The short answer would be - Yes.
In the wake of cheaper and larger capacity USB/SD/MMC Flash drives, the idea of carrying all your applications, and information with you on the go, is certainly an appealing idea.
This has also given birth to a whole generation of portable applications that will run directly from your thumbdrive. This all sounds incredibly exciting, but before we embrace this readily, it is important to note that yes, flash memory has a lifespan based on how many times it flashes or writes to the disk.
Estimations of maximum amount of disk writes range widely from 10,000 to 100,000 times based on quality of the drive. This interactive spreadsheet below gives you an idea of how long your disk would last based on usage.
To put it into context, if you just backup your data on a daily basis, you’re probably quite safe. Other culprits include full blown applications not truly meant for portable use that may write to the disk constantly and really kill your flashdisk lifespan. That said, there are a fair amount of portable applications around which work well, minimise writing to the disk, and offers a great deal of convenience. Links to sites which offer built-for-portable-devices, can be found in the section below.
All in all, there are true merits about high quality flash drives, and all of a sudden 5 year warranties for branded thumbdrives don’t seem so ridiculous anymore… so choose wisely based on your usage patterns.

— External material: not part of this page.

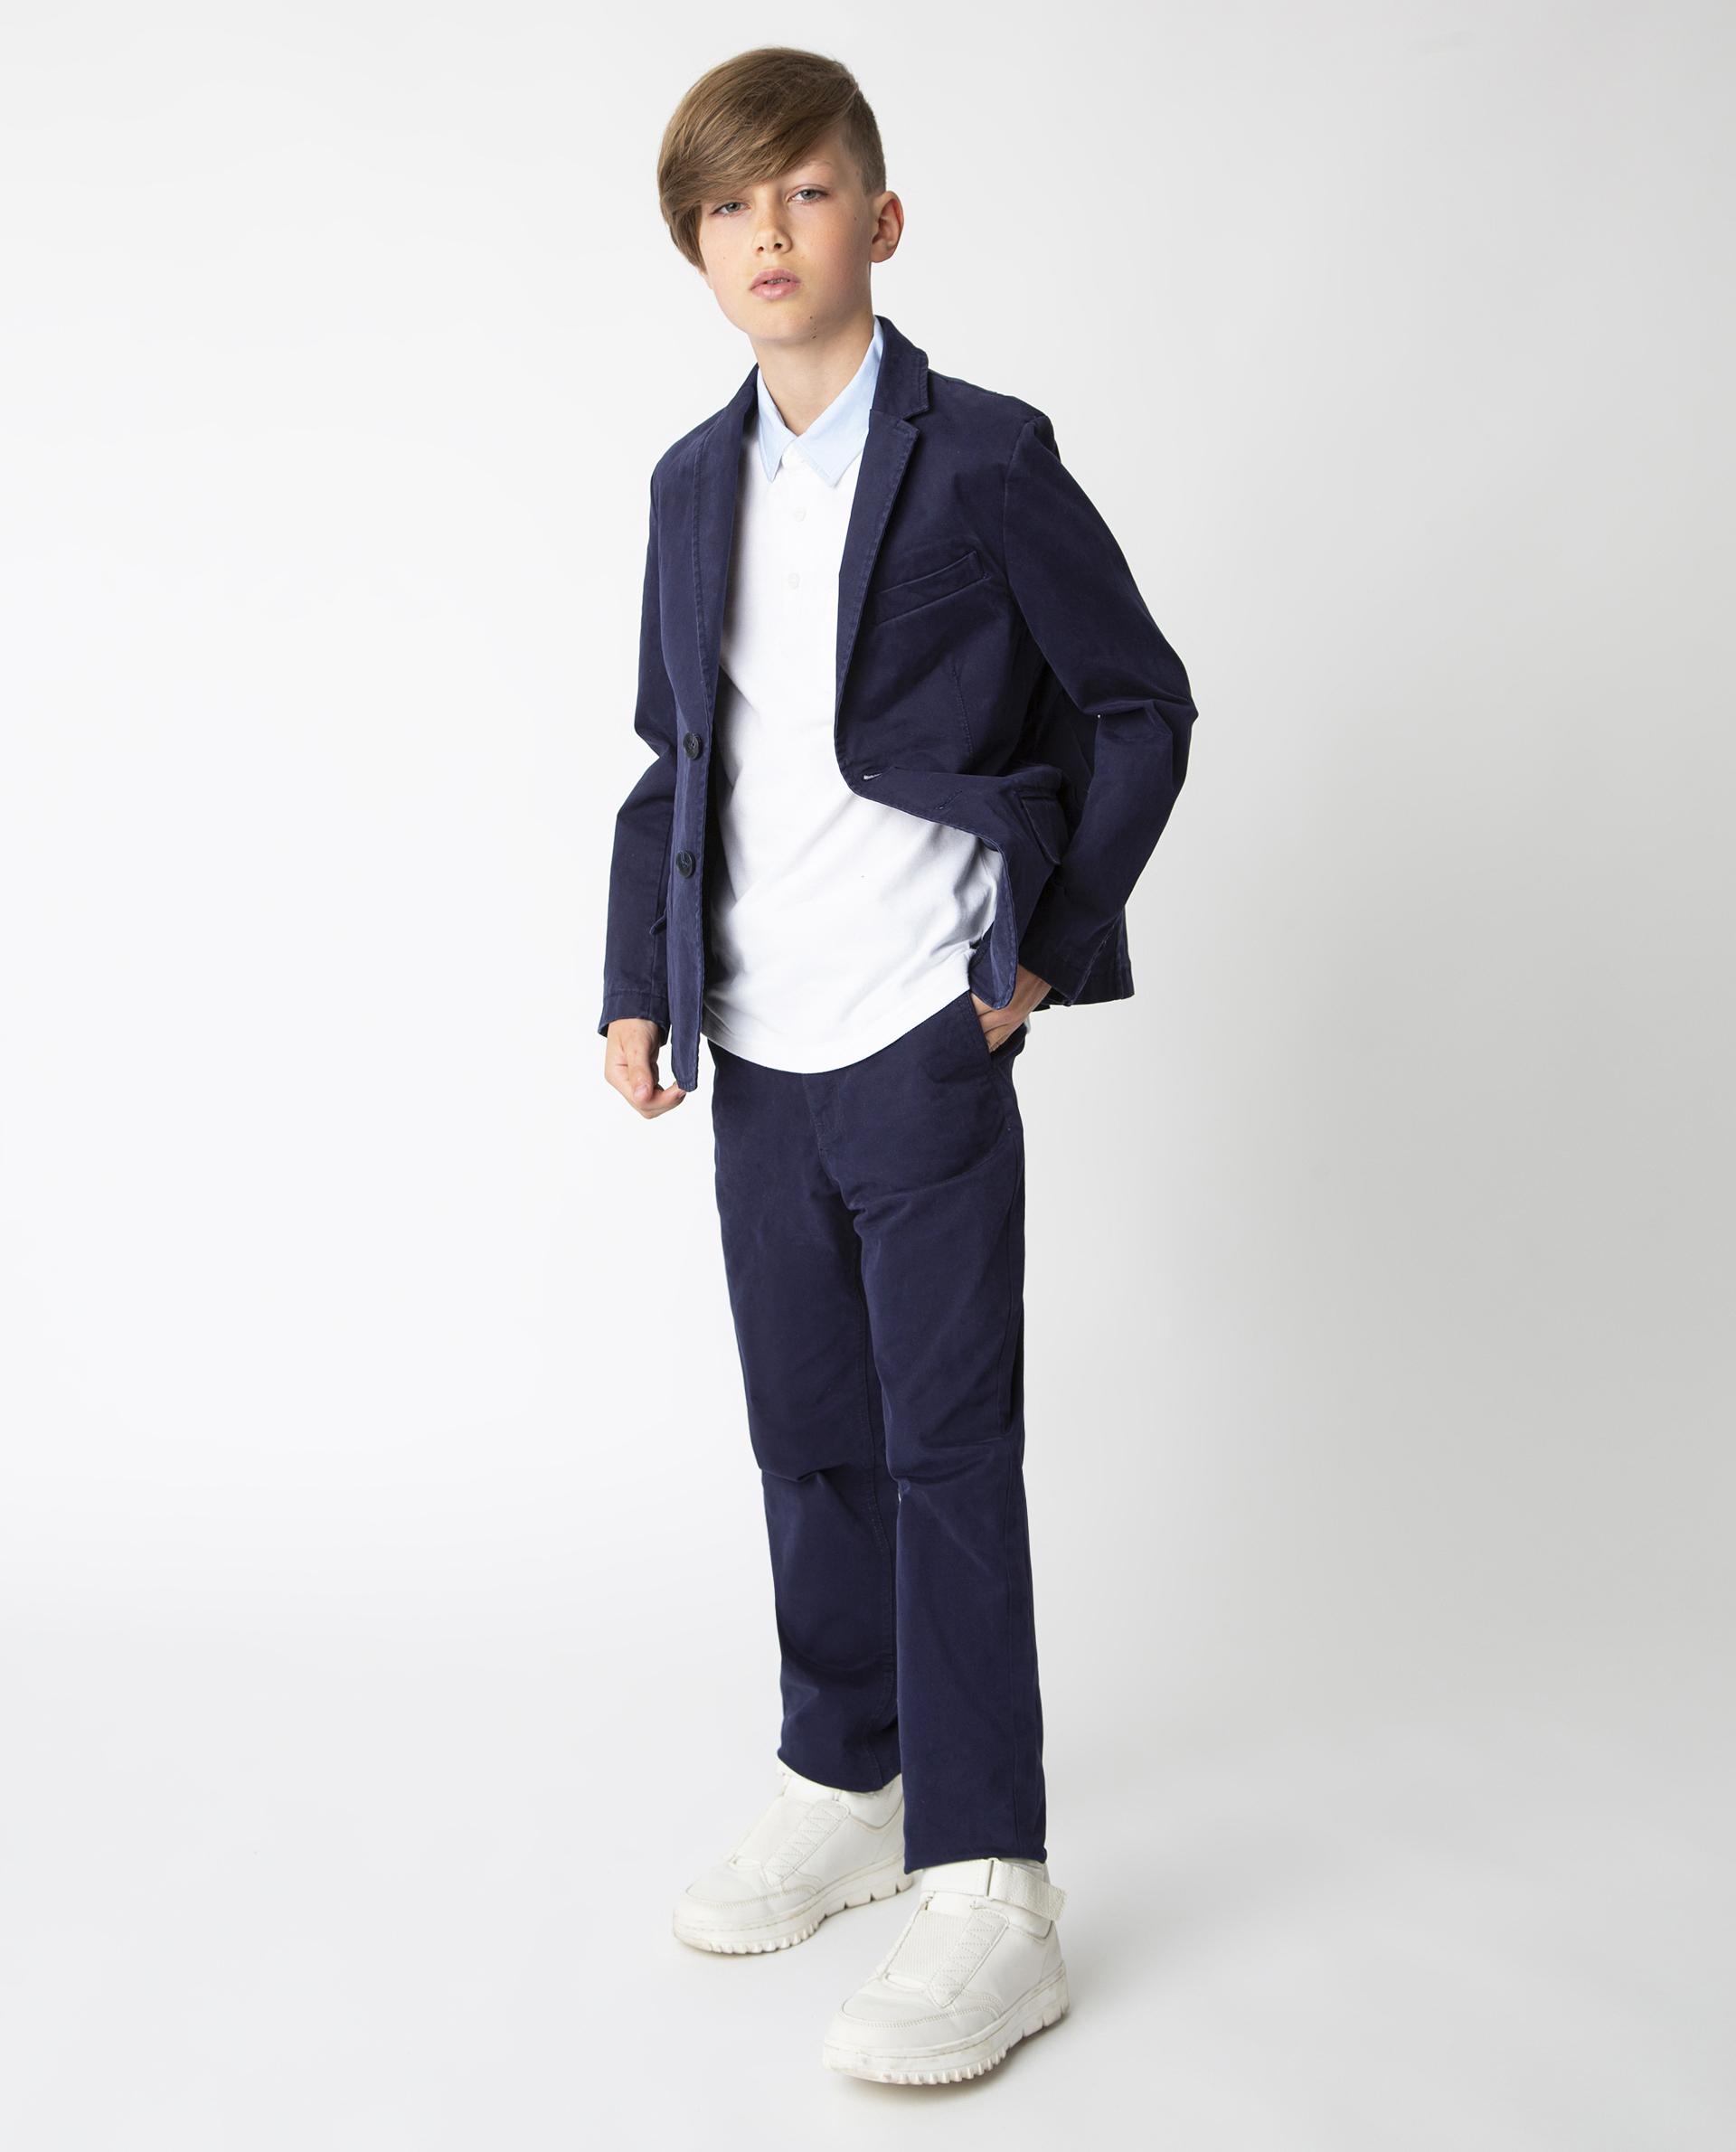 Купить 220GSBC4804, Синий пиджак Gulliver, синий, 146, Твил, Мужской, Демисезон, ШКОЛЬНАЯ ФОРМА 2020-2021 (shop: GulliverMarket Gulliver Market)

Leo Nottenboom of ask-leo.com looks in detail at this subject, and you can read his full article here.
Related Links:
Portable Freeware from PortableApps.com
Portable Freeware from Portablefreeware.com
Portable Freeware from Snap Files
Ask Leo
Technorati Tags: usb, flash, mmc, sd, ask+leo, portable, freeware, thumbdrive, numsum






May 8th, 2006 at 4:29 am
Any modern flash device should be doing bad block substitution. Thus, your drive should degrade in capacity well before it quits working altogether. Certainly all data should exist in multiple independent locations, but flash drives are pretty reliable as storage goes—especially compared to magnetic and optical media with its host of potential problems.
May 8th, 2006 at 7:48 am
When flash part lifetimes are specified in terms of write cycles, it’s in terms of write cycles per block, not on the flash part as a whole. Different parts can have different write-block sizes; some can be written one byte at a time, others may require 4 bytes or 16 bytes (for example) to be written at a time. Consumer products that use flash memory (like MP3 players, keychain drives, and digital camera memory cards) also include “wear leveling” write-management algorithms that spread writes out across the flash parts. The upshot is that a flash part with a 1M write rating and (say) 1M blocks will actually last for something like (1M x 1M) a trillion block writes.
And the previous anon post is correct as well; when a block goes bad, it’s not the end of the device’s useful life, because consumer-grade flash devices are designed to handle that situation gracefully.
The whole idea of “portable apps” is that they are designed to minimize or eliminate the number of times they write to their home directories, which are presumed to be stored in flash. There are portable versions of Firefox and Opera (for example) that in normal operation don’t write to their home directories at all.
There’s nothing wrong with taking care to minimize the writes to a flash storage device, but in practice it’s probably not how most keychain drives will die. I bet most keychain drives will get lost, stolen, run through the washing machine, accidentally crushed in a variety of entertaining ways, or simply abandoned due to obsolescence before they go bad.
May 8th, 2006 at 10:18 am
Most portable apps that can be stored on a flash drive aren’t mission critical. Most of the time, they are tech tools that can be usefull pretty much anywhere. Who cares if the drive fails? Get another one and copy back that portable app on it!
Kiltak
[Geeks Are Sexy] Tech. News
May 8th, 2006 at 6:36 pm
I believe, (Not certain) that when a drive “wears out” it will become unwriteable, but reading from it will still work, so you should be able to retrieve your data and move it to a new drive. Once again, I’m not certain this is correct.
March 5th, 2008 at 3:59 am
The big question arising from the spreadsheet is which drives are of which (low, medium, high) quality. I suspect that price alone is not the main determinant of such, as is the case for many classes of products. Any sources of “mean writes before failure” or whatever for the different brands? If so, I hope the numbers are more realistic than those old MTBFs they used to have in hard drive ads. How good are those el cheapo 8GB flash drives that MicroCenter sells for under $30?